If you go back over these points, you will see that we have found a large number of differences between the flowering plants and the pines. Of these, the most important are the points (5) and (6), which alone would be enough to make us place the pines and flowering plants in separate families, though point (4) is also very important. We find, however, that the pines are more like the flowering plants than are any of the other families, so that they are the nearest relatives the flowering plants have, even though they are rather far-away ones.
PLATE III.
TREE FERNS, SHOWING THEIR TALL THICK TRUNKS AND LARGE LEAVES, WITH SMALLER FERNS GROWING BENEATH THEM
CHAPTER XXV.
FERNS AND THEIR RELATIVES
Perhaps there is no family of plants so easy to recognise as the ferns. It is nearly always a simple matter to know whether or not a plant is a fern, for although there are hundreds of different kinds, they all have the family characters plainly marked.

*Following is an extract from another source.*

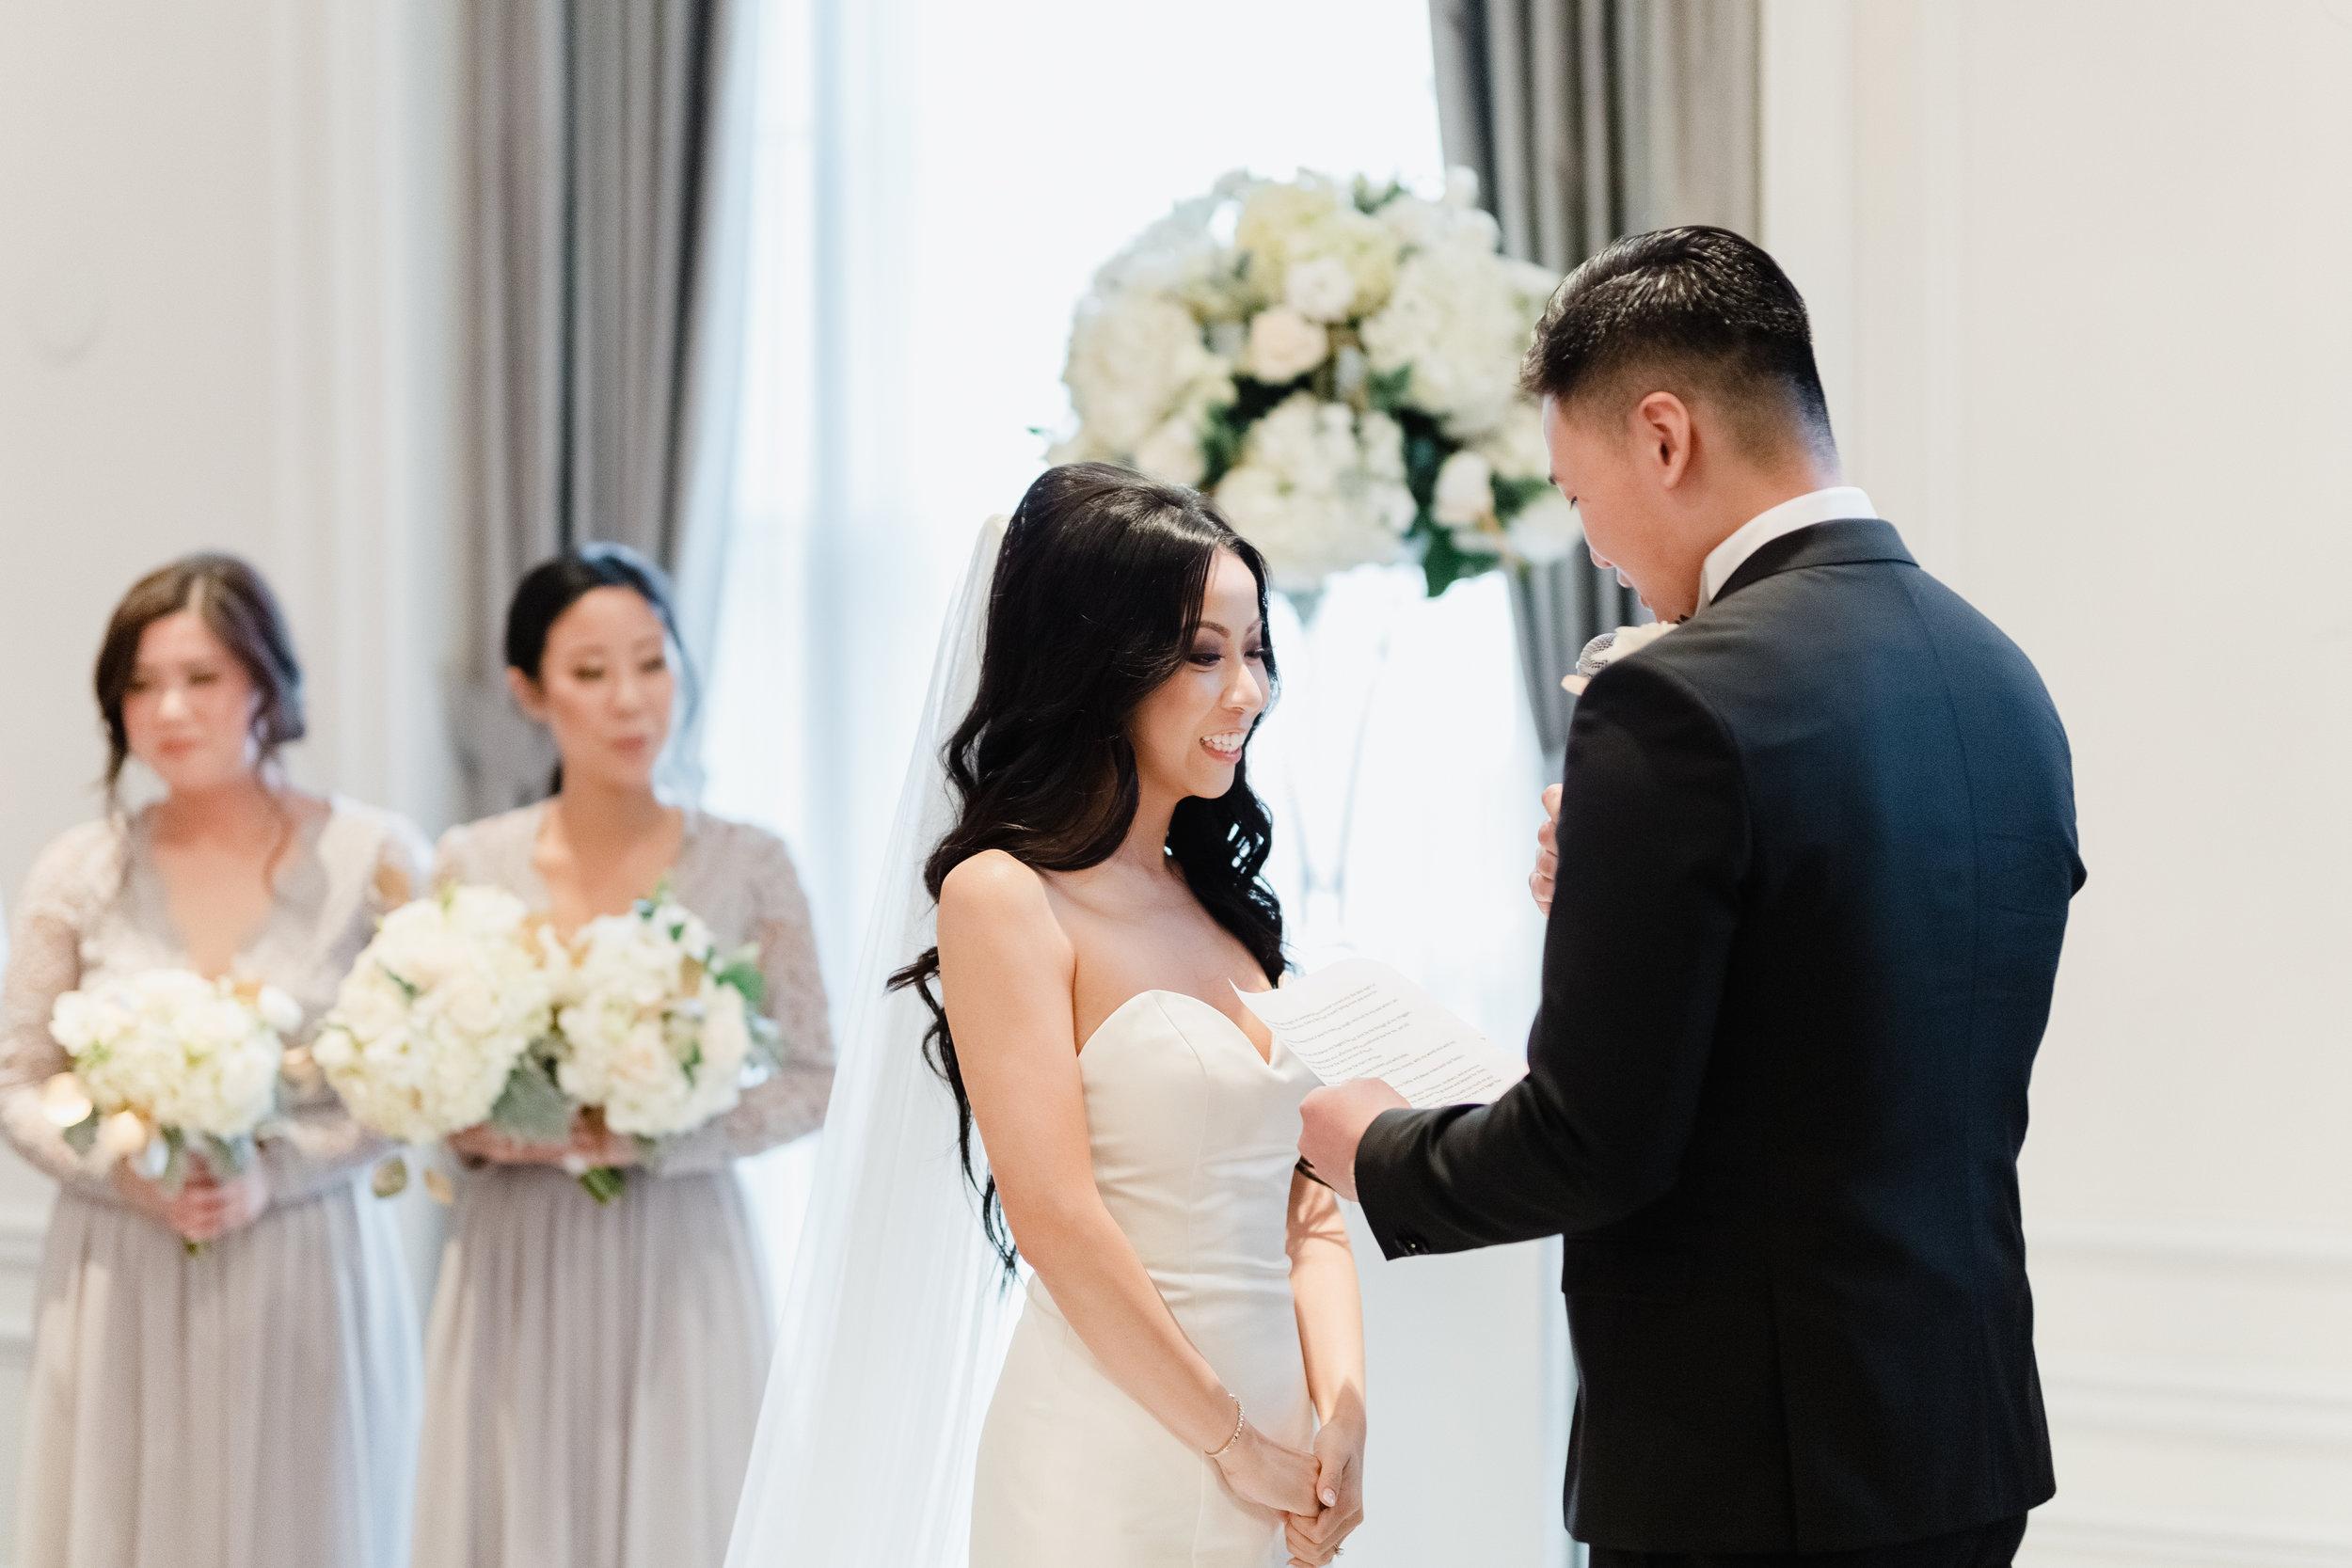 HeraStudios_Selects_Full_KatrinaAndrew_Wedding_Version2-381.jpg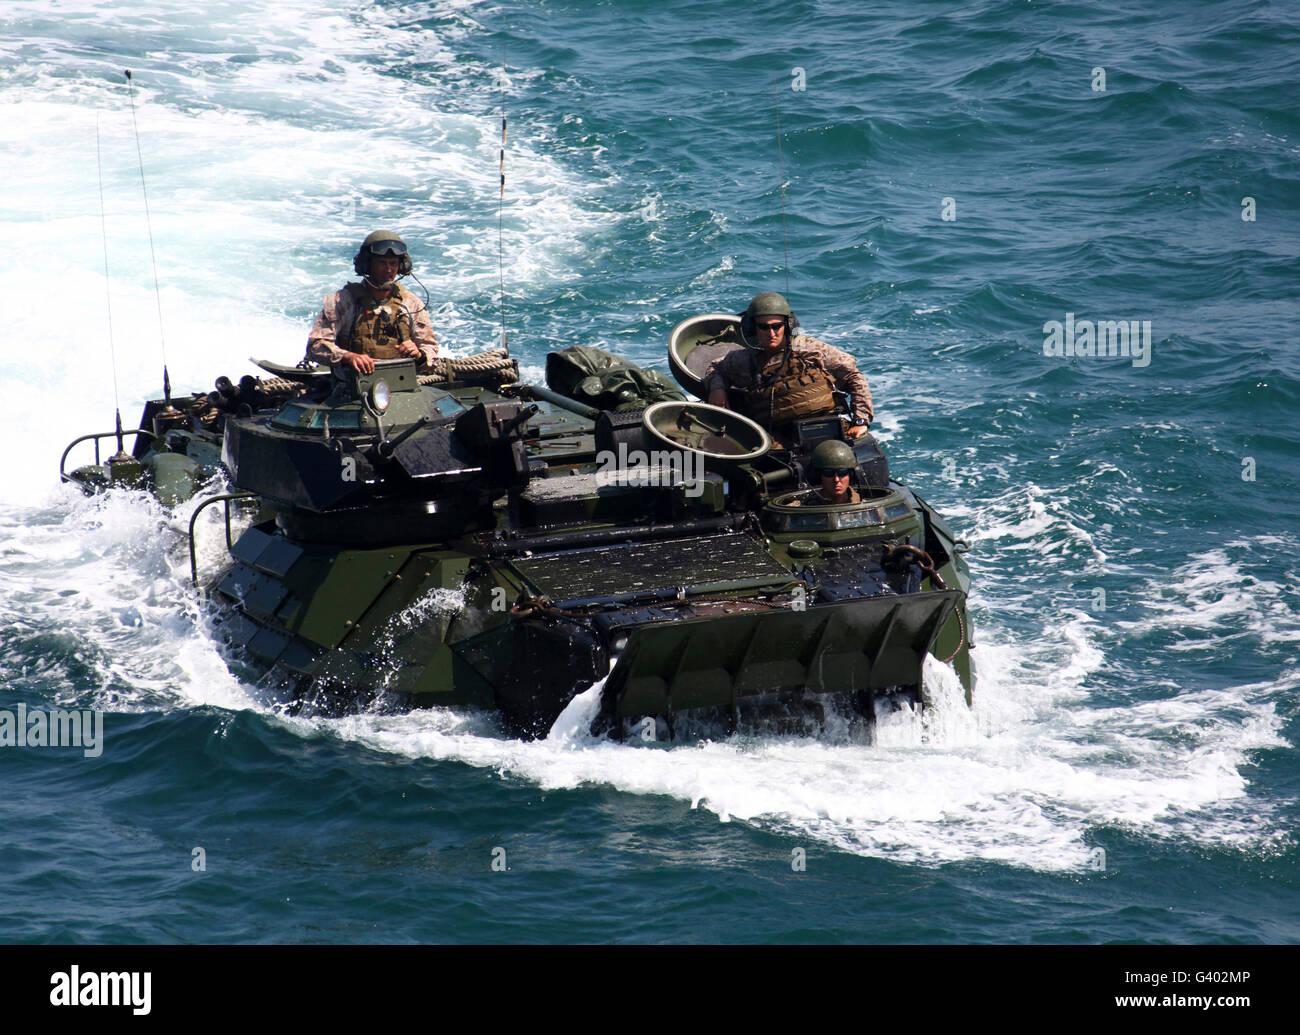 Marines operate an amphibious assault vehicle. Stock Photo

We have not very many ferns growing commonly in England, for they generally require a moister air than is usual in this country. By far the commonest is the bracken, which grows in all parts of the country, and sometimes in very large masses (see Plate I.). Some people separate the bracken fern from the others, and speak of “bracken” and “true ferns,” but this is not at all correct, for the bracken is just as much a true fern as the others, only as it is so much commoner, people are apt to value it less.